如何使用Perl从文件中准确获取n条随机行? [英] How can I get exactly n random lines from a file with Perl?

查看：162 发布时间：2020/6/14 19:28:40 perl random-sample file-processing

本文介绍了如何使用Perl从文件中准确获取n条随机行?的处理方法，对大家解决问题具有一定的参考价值，需要的朋友们下面随着小编来一起学习吧！

问题描述

紧跟

Following up on this question, I need to get exactly n lines at random out of a file (or stdin). This would be similar to head or tail, except I want some from the middle.

现在，除了用链接的问题的解决方案遍历文件外，一次运行准确获得n行的最佳方法是什么?

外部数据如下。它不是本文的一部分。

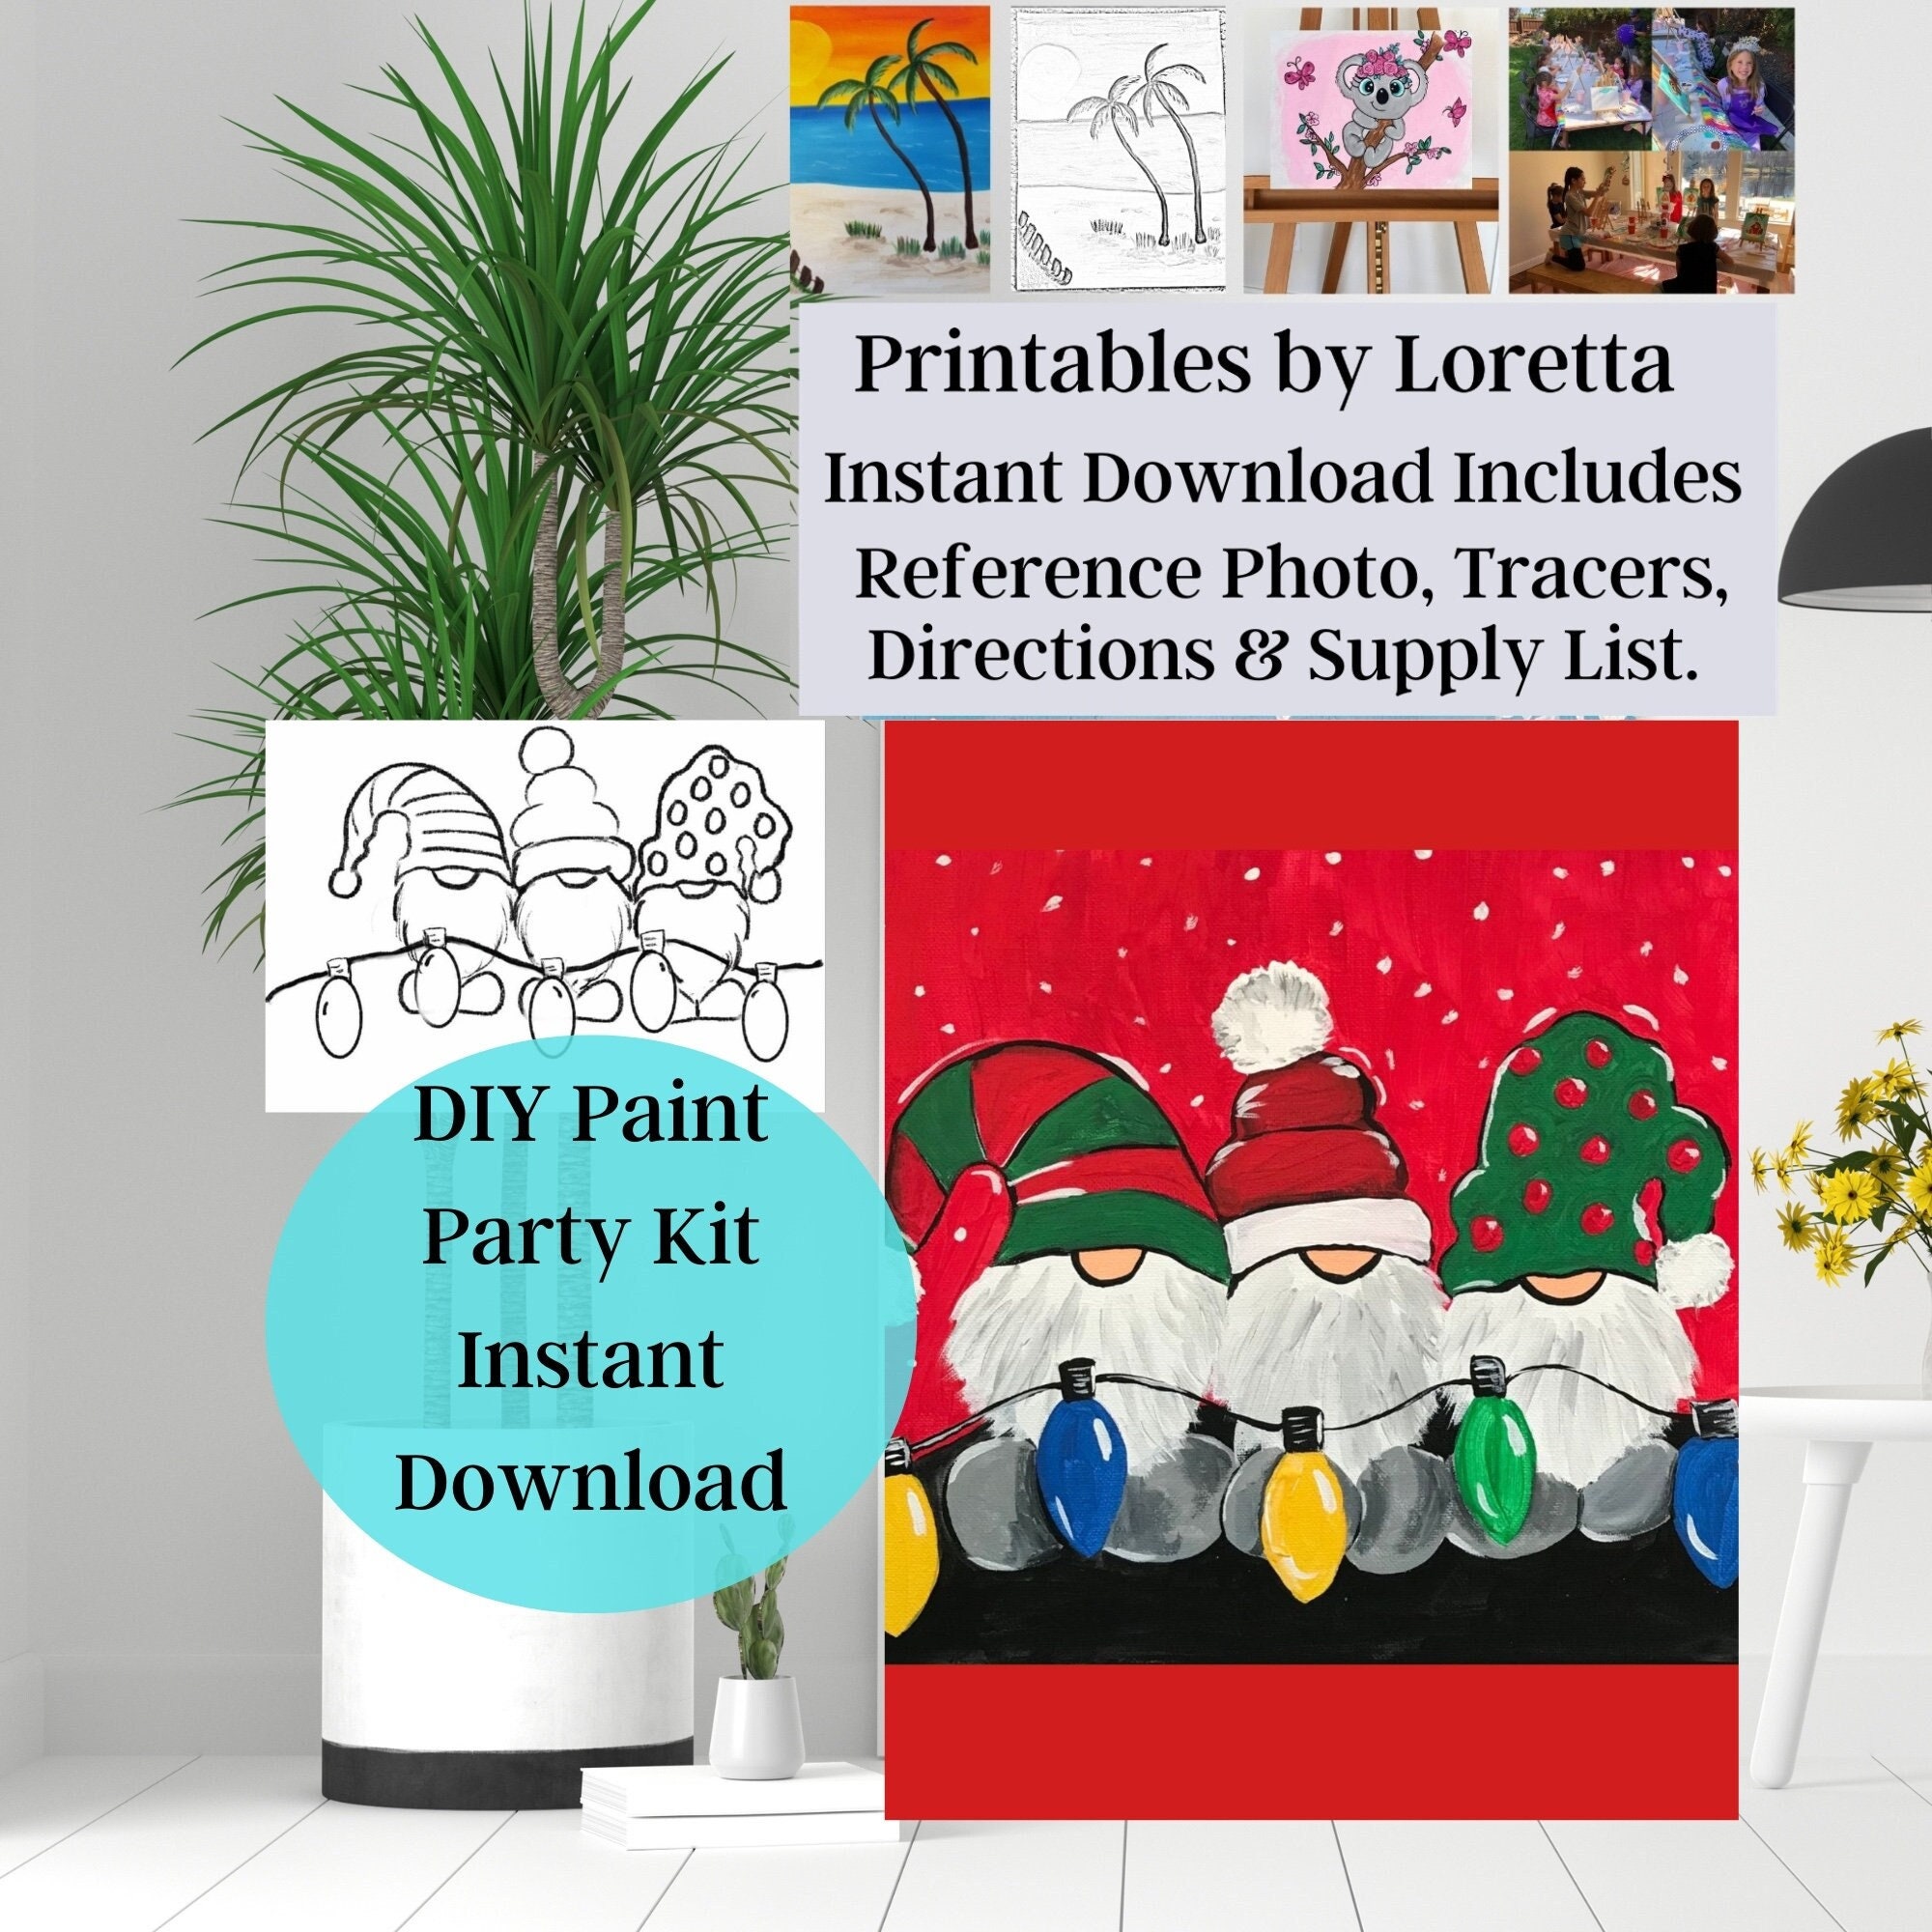 DIY Paint Party Kit Instant Download Three Christmas Gnomes for Paint Party  Includes Tracer, Step by Step Instructions & Supply List. 
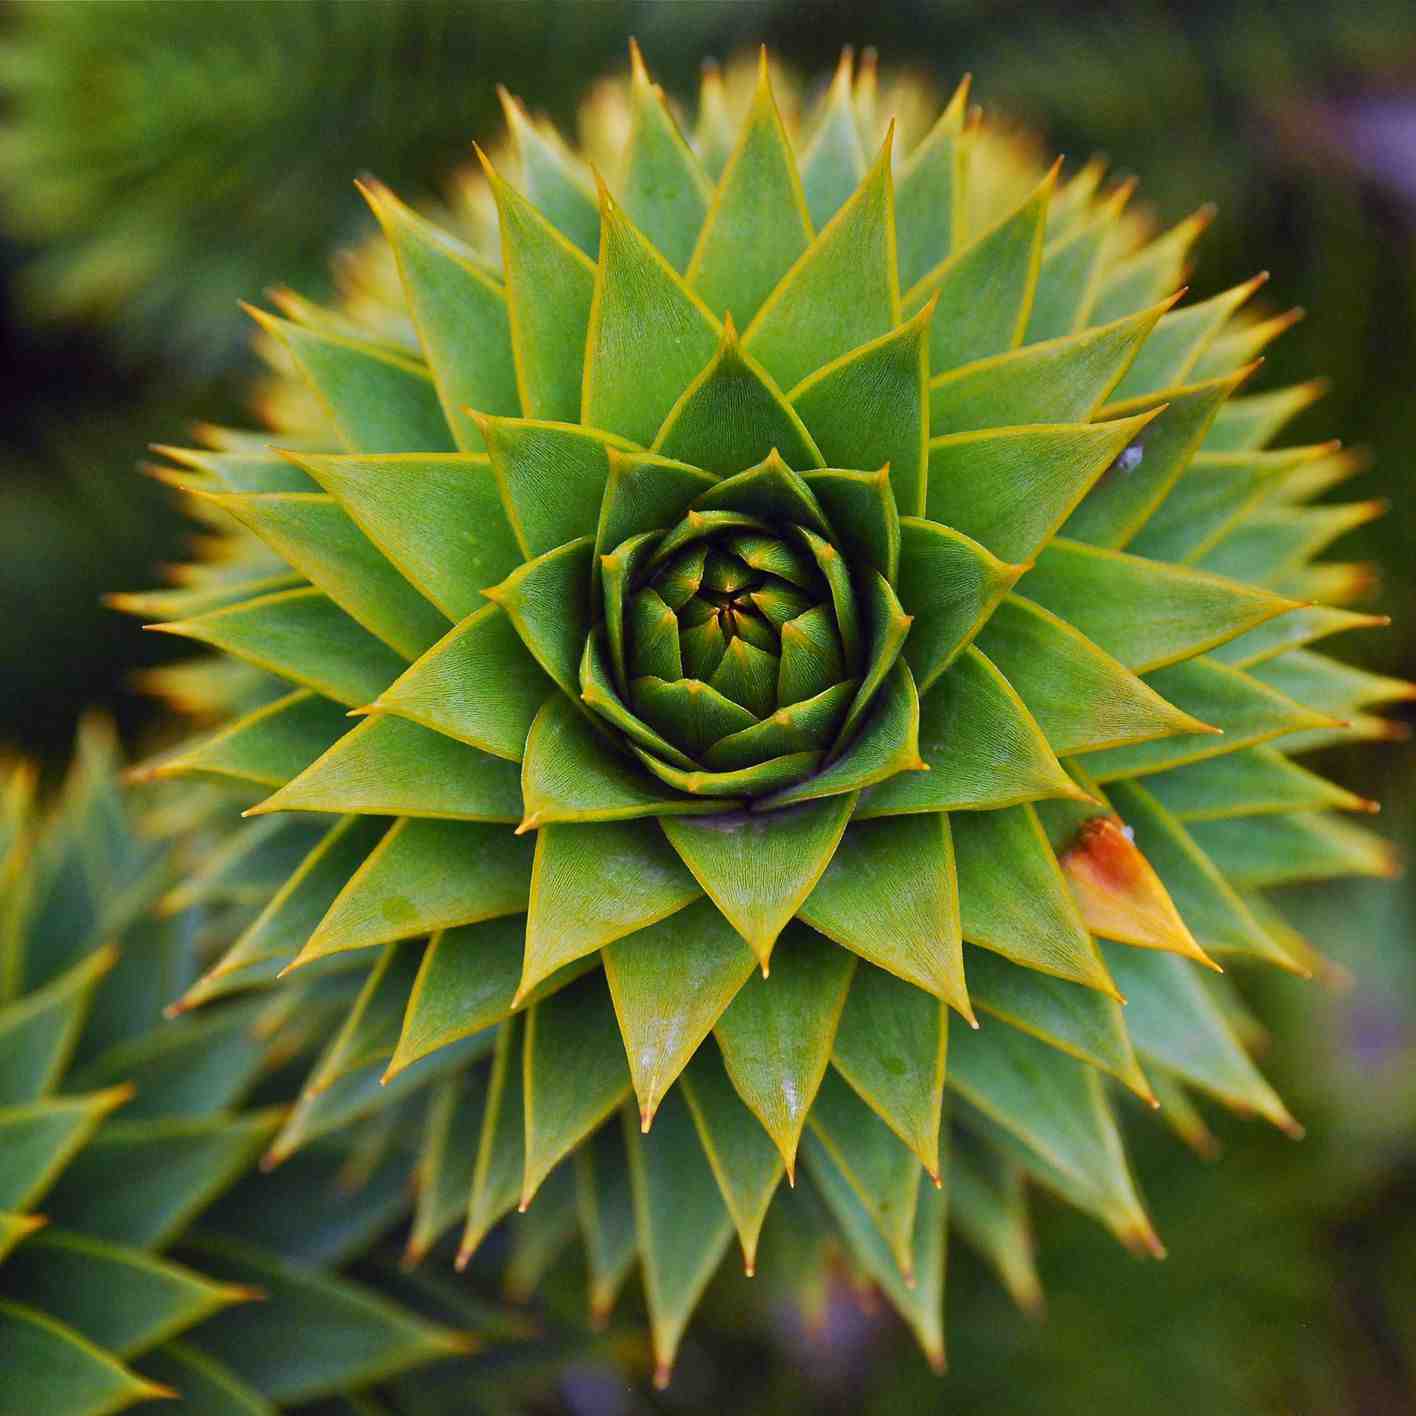 What are examples of fractals in nature?
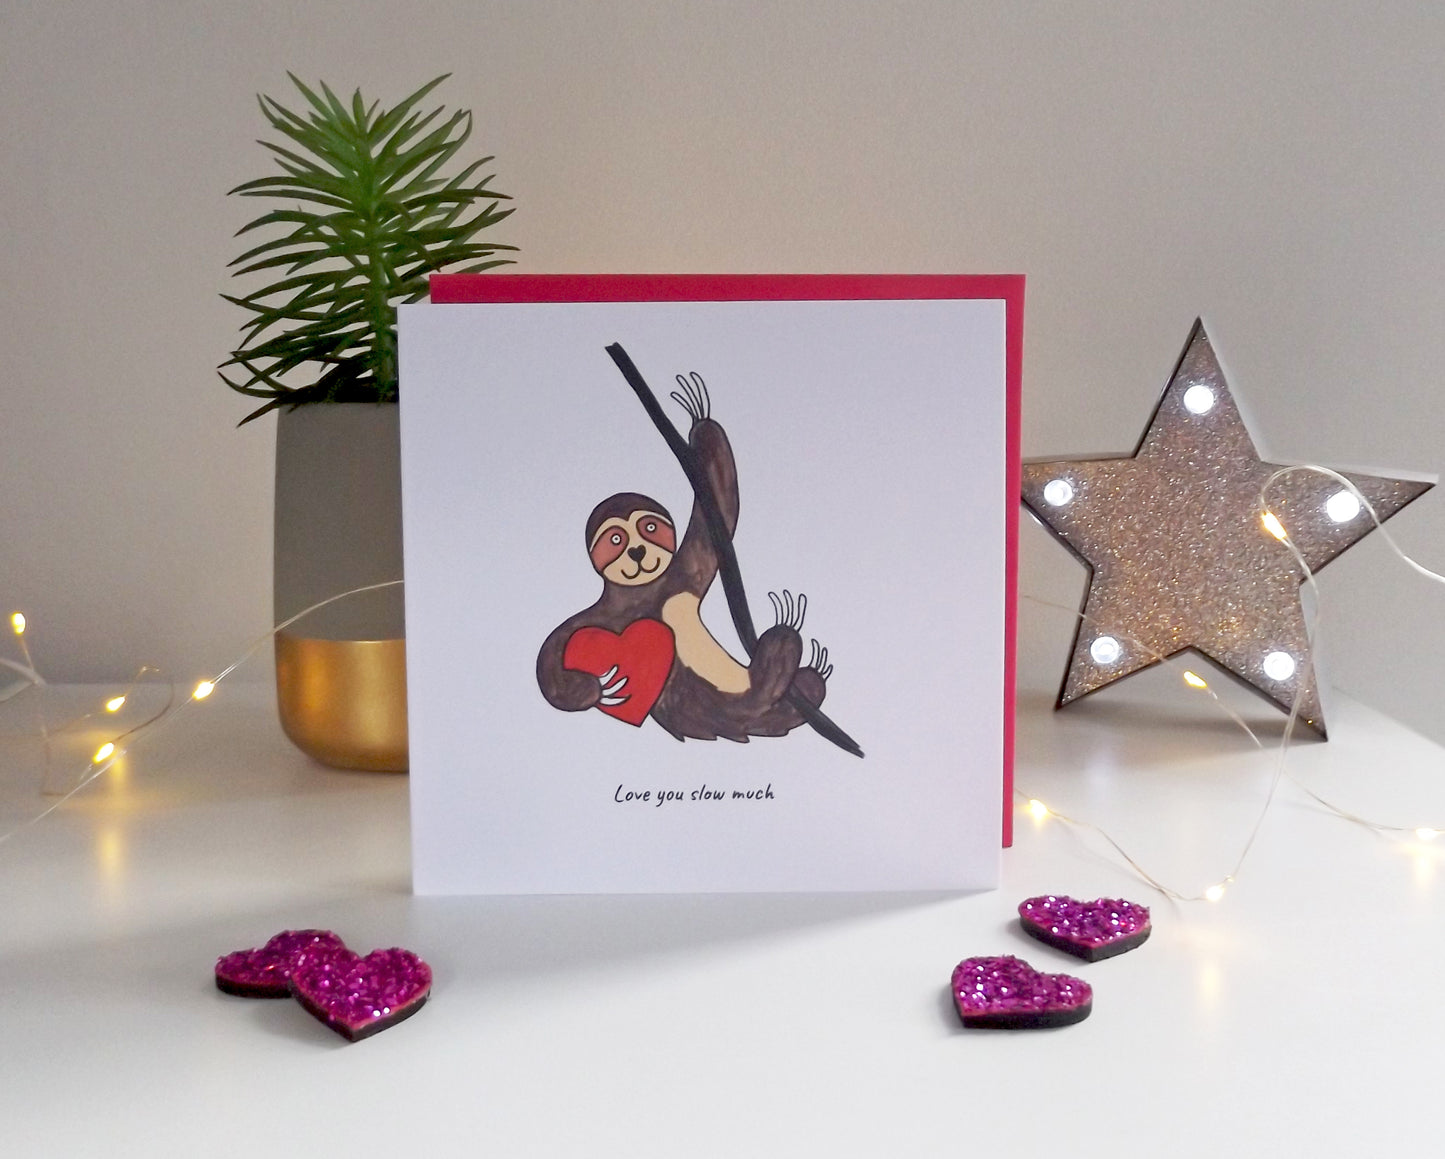 Love you slow much - funny sloth valentine's card

Now, other than looping over the file with the solutions to the linked question, what's the best way to get exactly n lines in one run?

作为参考，我尝试过:

#!/usr/bin/perl -w
use strict;
my $ratio = shift;
print $ratio, "\n";
while () {
    print if ((int rand $ratio) == 1); 
}

其中$ratio是我想要的行的粗略百分比.例如，如果我想要每10行中就有1行:

where $ratio is the rough percentage of lines I want. For instance, if I want 1 in 10 lines:

random_select 10 a.list

但是，这不能给我确切的金额:

However, this doesn't give me an exact amount:

aaa> foreach i ( 0 1 2 3 4 5 6 7 8 9 )
foreach? random_select 10 a.list | wc -l
foreach? end
4739
4865
4739
4889
4934
4809
4712
4842
4814
4817

我想到的另一个想法是对输入文件进行采样，然后从数组中随机选择n，但是如果我有一个很大的文件，那就是个问题.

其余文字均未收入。